Il ne s'agit pas d'une production massive d'énergie, juste assez pour faire bouillir environ 60 bouilloires d'eau. Mais ce qui est important, c'est qu'il valide les choix de conception qui ont été faits pour un réacteur de fusion encore plus grand, actuellement en construction en France, le réacteur thermonucléaire expérimental international, connu sous l'acronyme ITER.

"Les expériences du JET nous ont rapprochés de l'énergie de fusion", explique le Dr Joe Milnes, responsable des opérations de laboratoire du réacteur.
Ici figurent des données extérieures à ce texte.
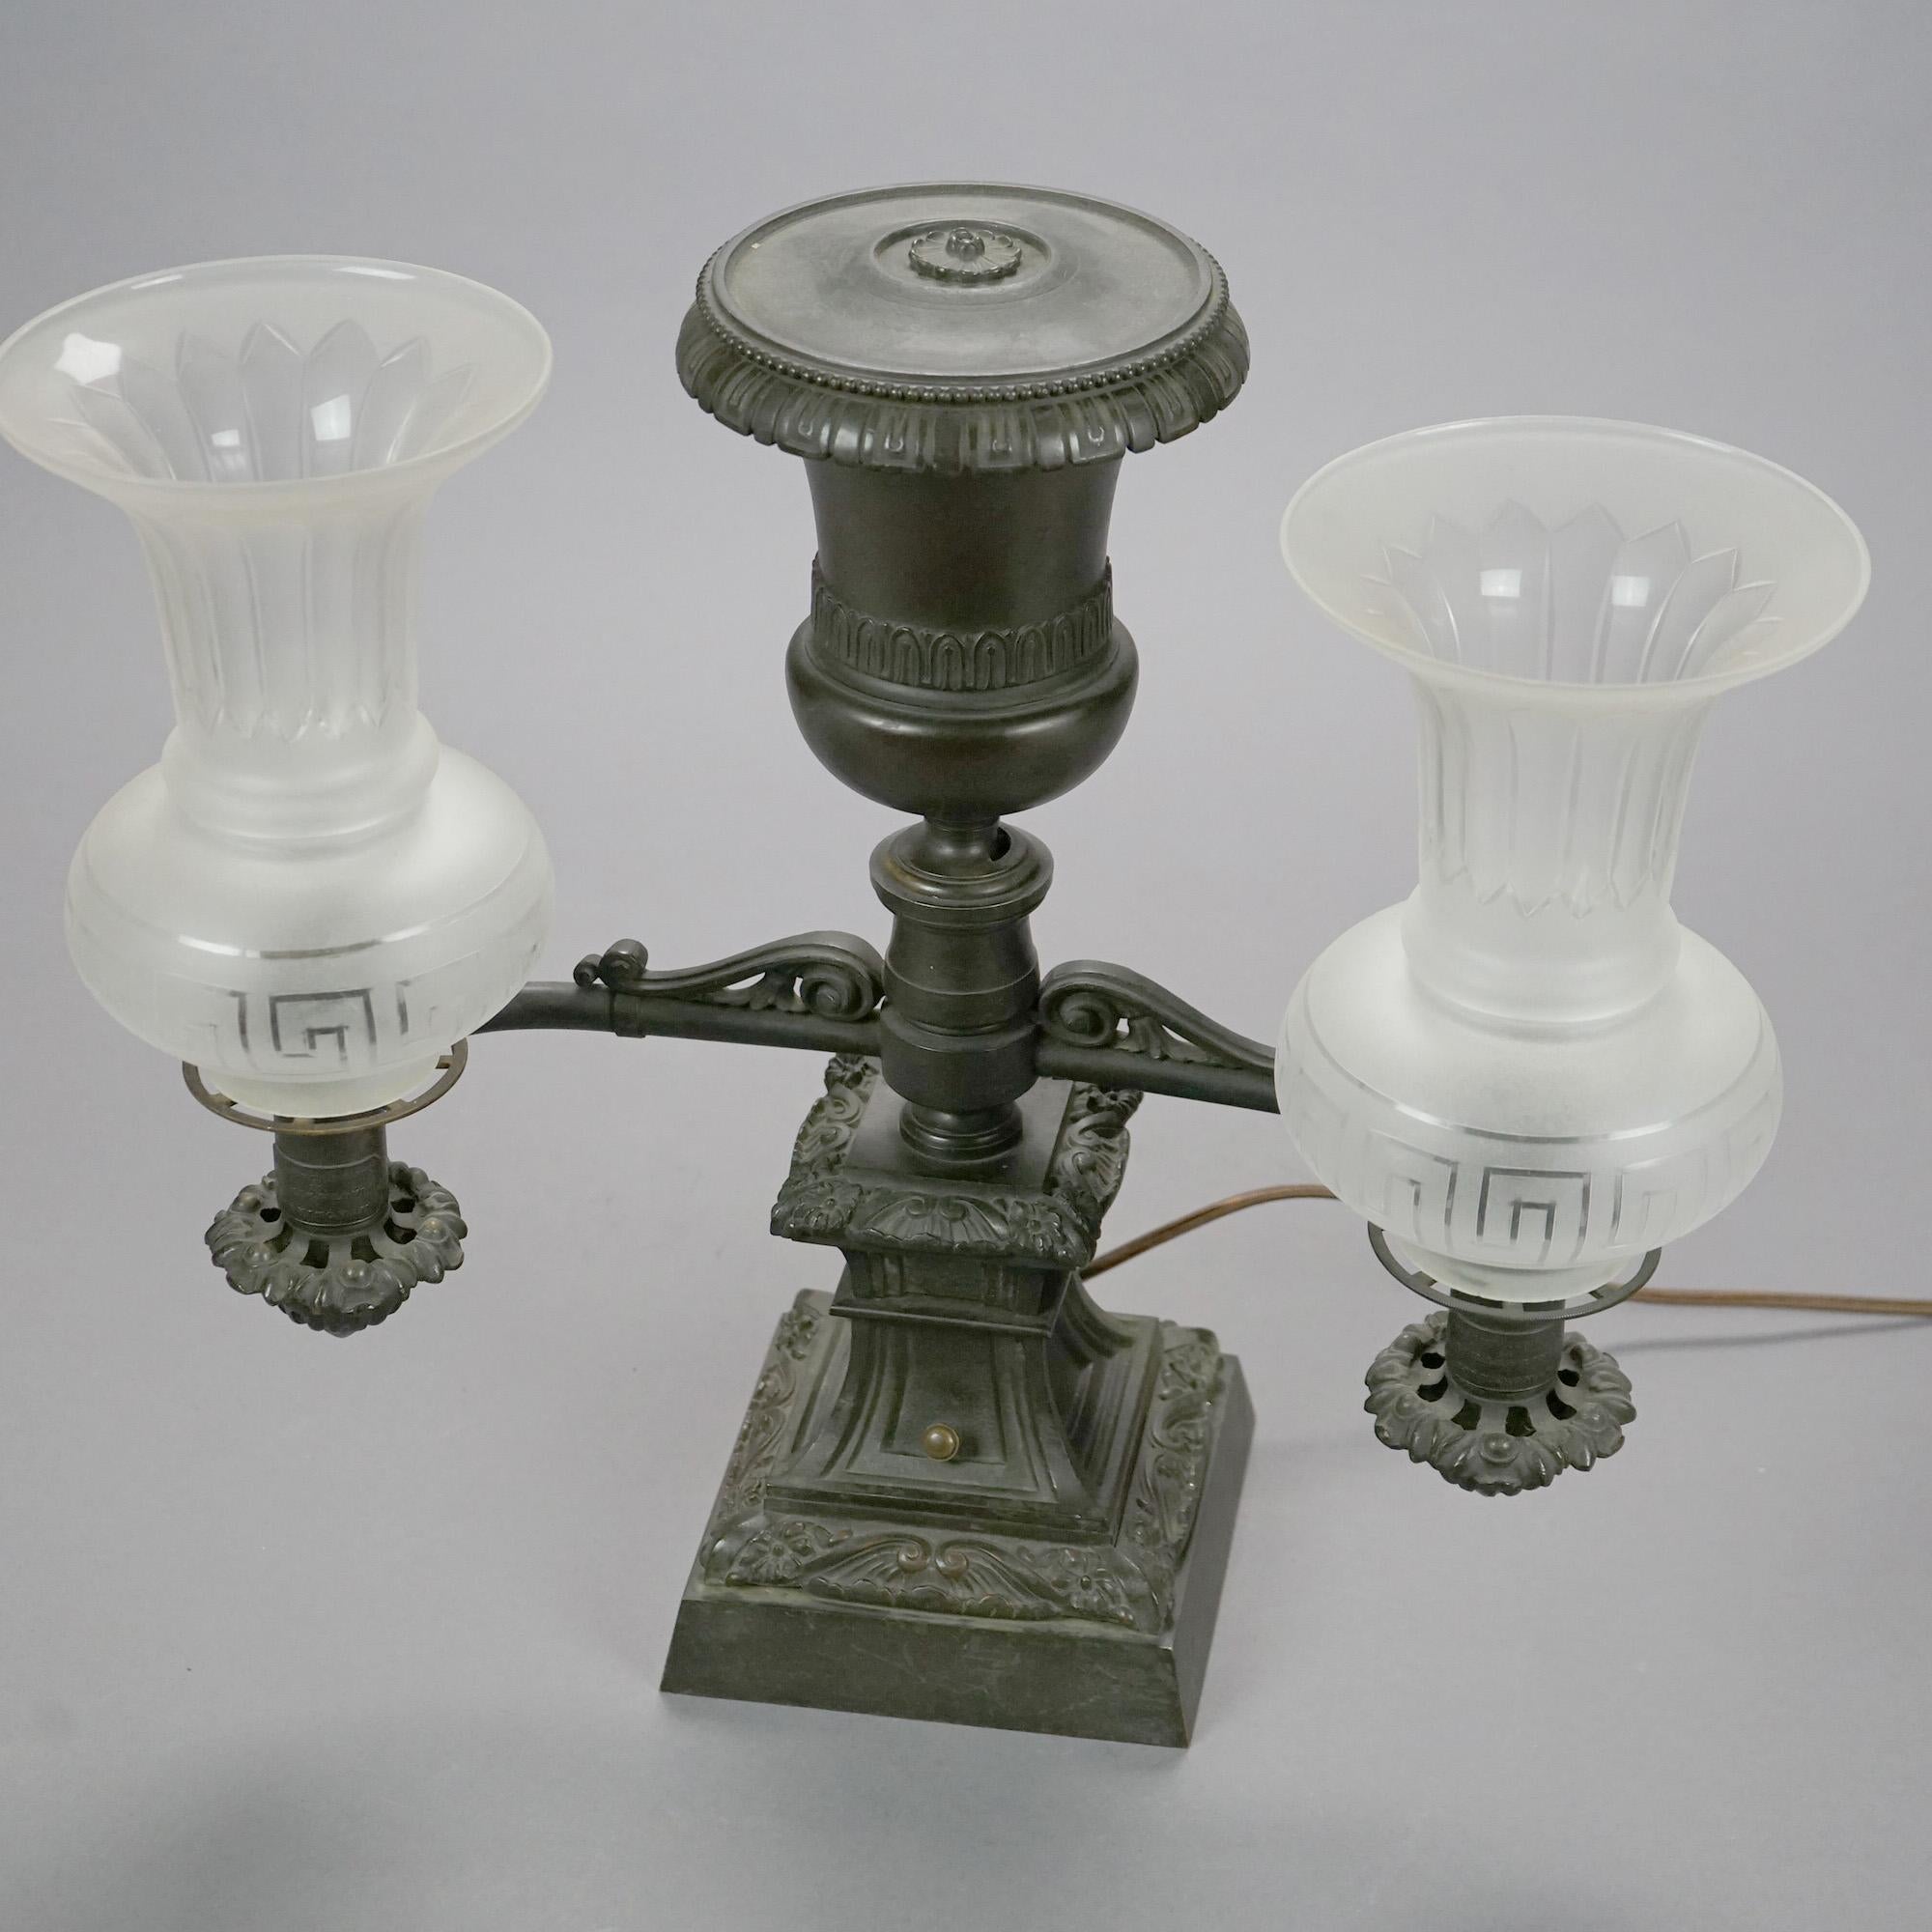 American Antique Pair Messenger Co. Bronze Double Argand Lamps with Etched Shades c1820s

"Nous avons montré que nous pouvons créer une mini-étoile à l'intérieur de notre machine et la maintenir pendant cinq secondes et obtenir des performances élevées, ce qui nous fait vraiment passer à une nouvelle étape."

Le complexe ITER, situé dans le sud de la France, est soutenu par un consortium de gouvernements mondiaux, dont les États membres de l'UE, les États-Unis, la Chine et la Russie.

Elle devrait constituer la dernière étape pour démontrer que la fusion nucléaire peut devenir une source d'énergie fiable dans la seconde moitié de ce siècle.

Cela présente des avantages, car l'exploitation des centrales électriques du futur basées sur la fusion ne produirait pas de gaz à effet de serre et générerait également de très petites quantités de déchets radioactifs à courte durée de vie.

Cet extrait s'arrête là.